Photo title: Paul Back with his parents Miriam and Leo
Photo taken in: Vienna, Austria (1935)
Interviewee: Paul Back
Time of Interview: 2002
Interviewer Tanja Eckstein

On 12th March 1938, I saw entire formations of airplanes that clouded the sky.

First of all, the Nazis wanted to demonstrate their power, and, second, they really had to transport things in order to do what they had come to do. You could already see people in uniforms and youths in HJ-shirts. Those were Austrians; the Germans had not yet arrived in Vienna. You see, they didn't come straight to Vienna, as they were stopped by cheering crowds on their way here. At first the Wehrmacht curried favor with the Viennese with food - with field kitchens at Heldenplatz.

My grandmother's apartment became kind of a family news center. The whole family constantly followed the events, and at first there was no panic. Only much later did they get anxious, when measures against Jews were announced and actions such as street washing, molestation and verbal abuse commenced. We heard of people being kicked, attacked or taken away, but at the time people were probably still deluding themselves. We knew that the situation was serious, but we didn't know how serious it was yet to become.

One of the few measures that really got under my skin were the signs on park benches reading ‘Only for Aryans' and ‘Not for Jews.' I had often gone for walks with my mother or my cousins and we used to go to the parks and play there. And now, all of a sudden, we were not allowed to sit on the park benches any more.

I was impressed by uniforms, and even before the Nazis, when I was a child, I used to run to the war ministry at Stubenring because once a week there was a changing of the guard with the playing of taps there. I liked this march music and really enjoyed it. When the Germans marched in, it was a bit scary, but there were people in uniform, moving around with a military band, and that highly impressed me; I liked it and loved to run along behind them.

The Hachshara courses had to be cancelled.

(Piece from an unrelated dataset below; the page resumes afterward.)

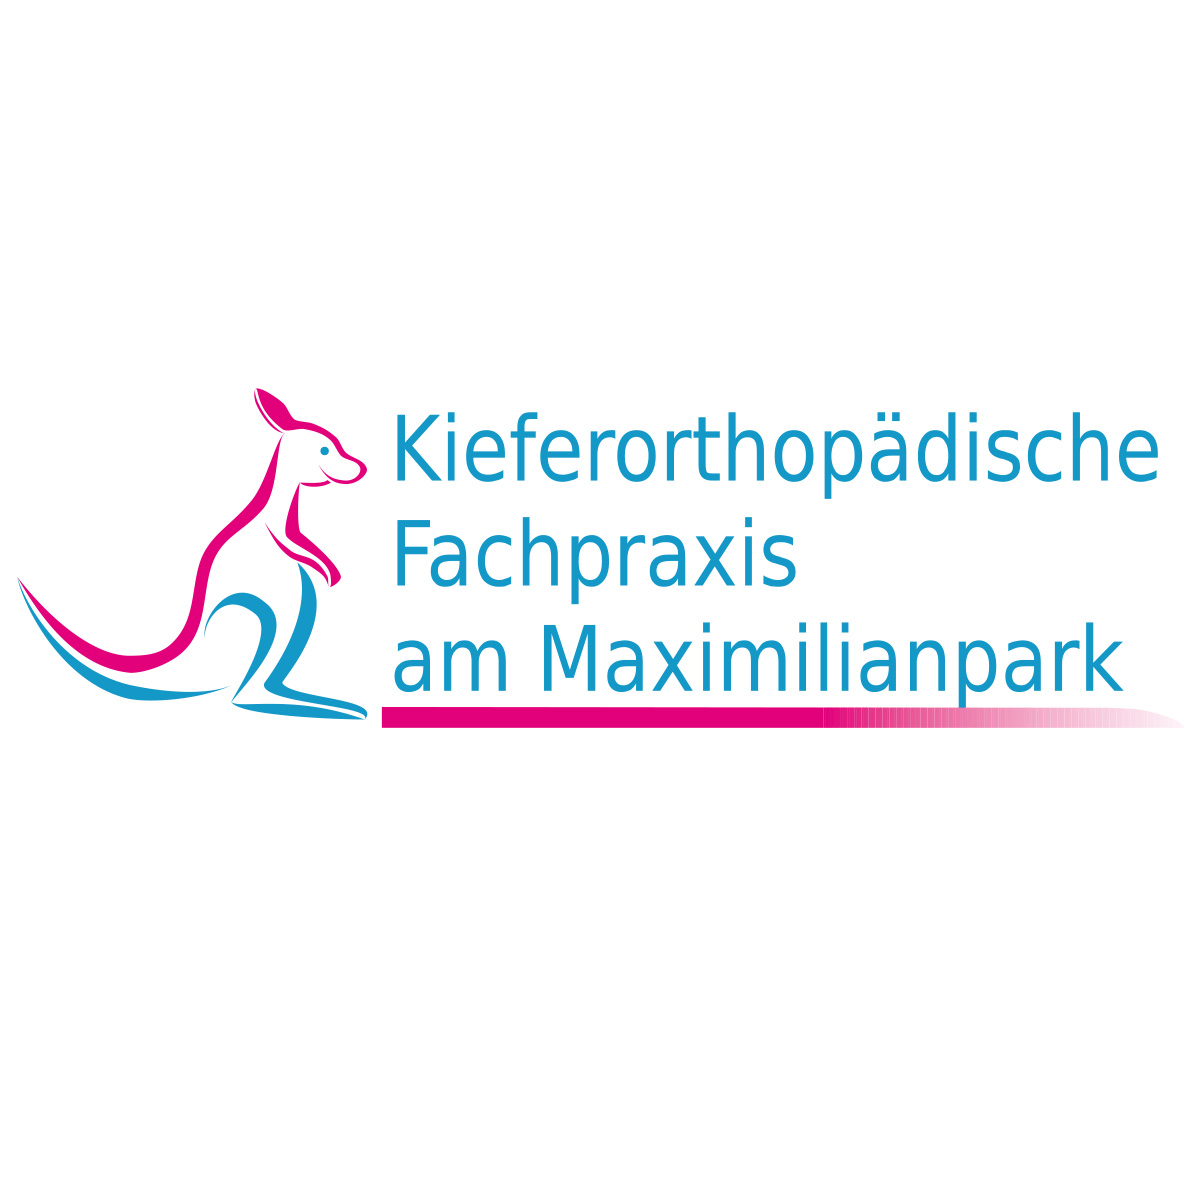 Kieferorthopädische Fachpraxis am Maximilianpark - Dr. Flieger & Dr. Ziebura Logo

Max Back [the interviewee's stepfather] was then working somewhere else in the Jewish community, and one day he was also attacked and beaten. I think that happened in front of the synagogue on Seitenstettengasse. Back then there were plenty of people who enjoyed wreaking havoc. Around the corner from my grandmother's apartment there were prayer houses, but I don't know that there were any serious attacks. However, the neighborhood was buzzing with Hitler Youth and BDM groups.